__How to complete this task__: Your answer must restate the listing below word for word and contain no images.

__Material provided__:

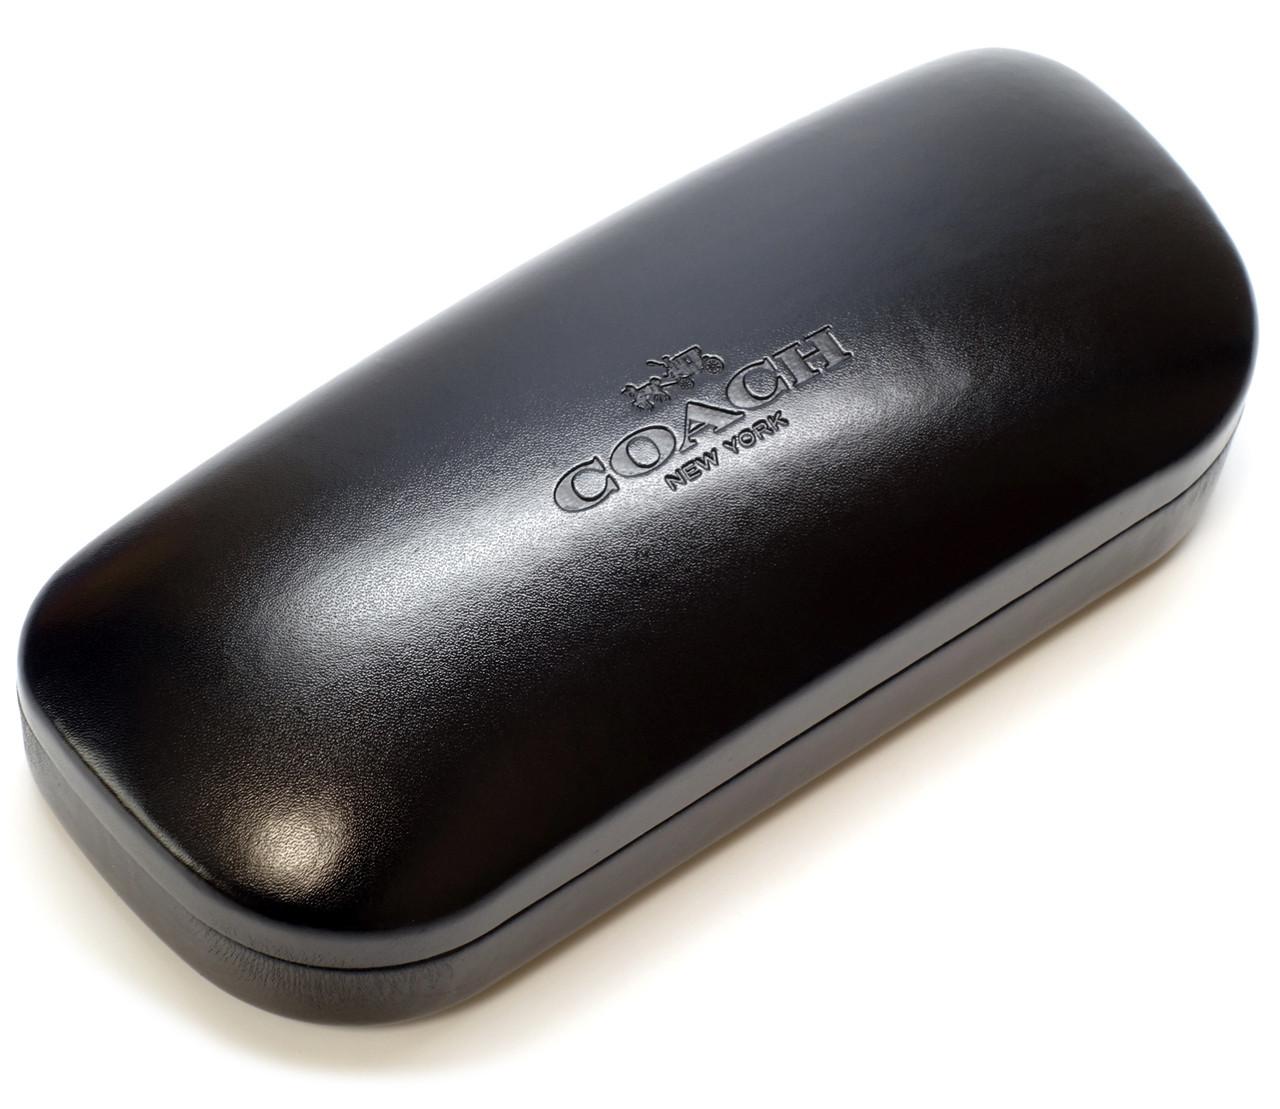 dc06541ef640 Coach Authentic Hard Eyeglass Case Medium Size in Black - Speert  International
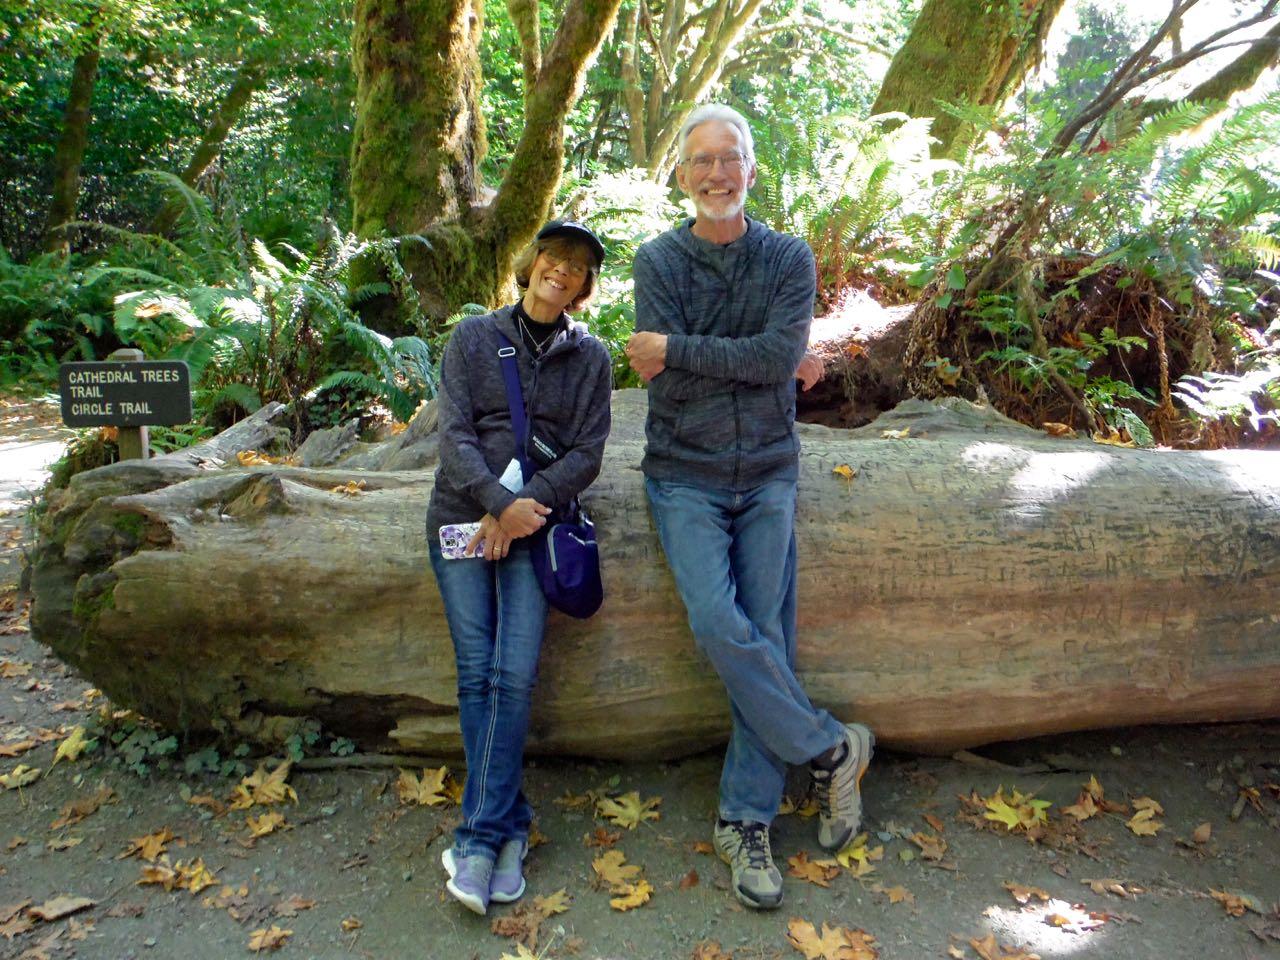 Redwoods 2017 10 01 228 Of 244
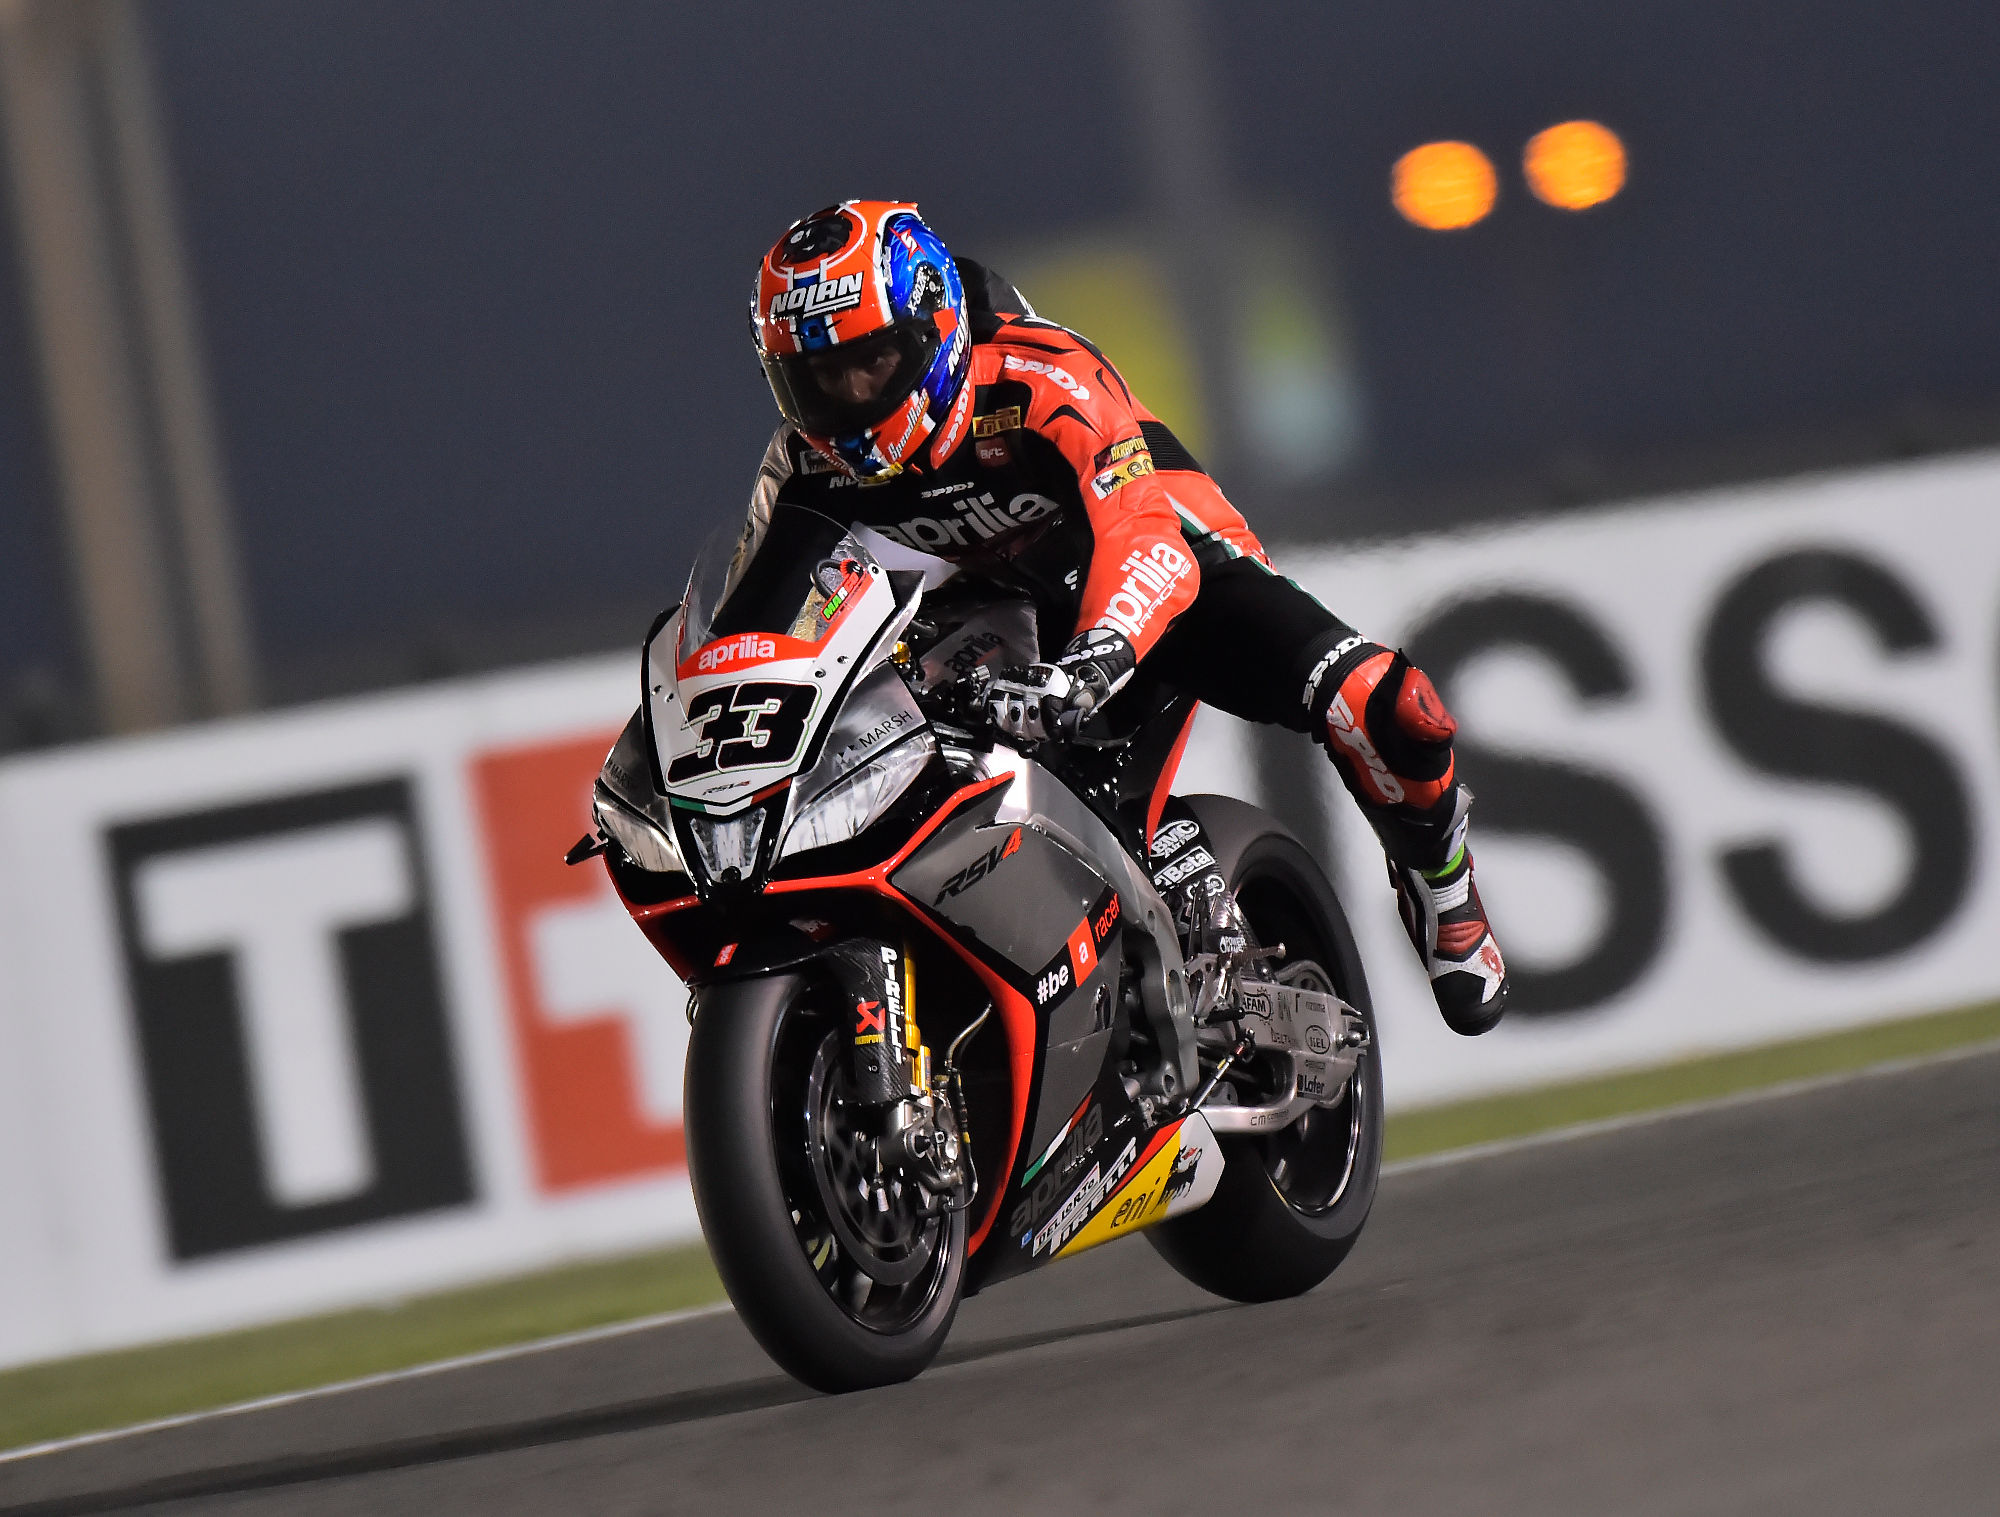 SBK 2014: Aprilia Racing, Marco Melandri, tanti problemi di grip per lui in Qatar

__Written response__:
 dc06541ef640 Coach Authentic Hard Eyeglass Case Medium Size in Black - Speert  International
 Redwoods 2017 10 01 228 Of 244
 SBK 2014: Aprilia Racing, Marco Melandri, tanti problemi di grip per lui in Qatar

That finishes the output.